EXERCISE DATA:
───

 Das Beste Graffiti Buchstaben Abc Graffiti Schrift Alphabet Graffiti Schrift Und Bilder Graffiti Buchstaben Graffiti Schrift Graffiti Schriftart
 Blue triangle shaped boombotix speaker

───

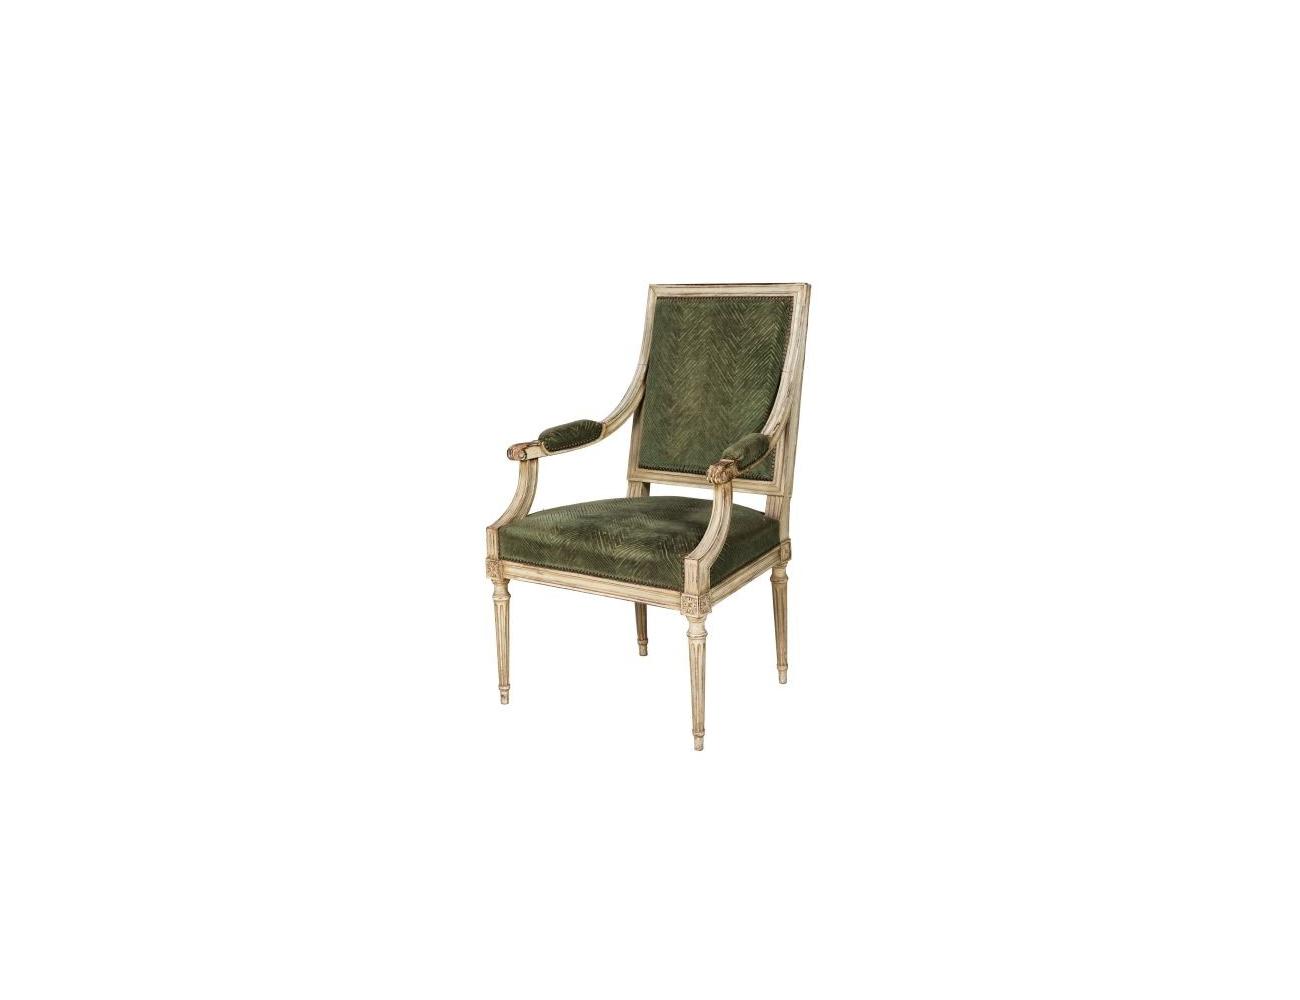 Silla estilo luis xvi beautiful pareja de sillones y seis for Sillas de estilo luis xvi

───

EXERCISE BRIEF:
Send back exactly the lines of the listing above starting at the one with "Das Beste Graffiti" and ending at the one with "Blue triangle shaped boombotix speaker", inclusive, and no others.

EXERCISE OUTPUT:
 Das Beste Graffiti Buchstaben Abc Graffiti Schrift Alphabet Graffiti Schrift Und Bilder Graffiti Buchstaben Graffiti Schrift Graffiti Schriftart
 Blue triangle shaped boombotix speaker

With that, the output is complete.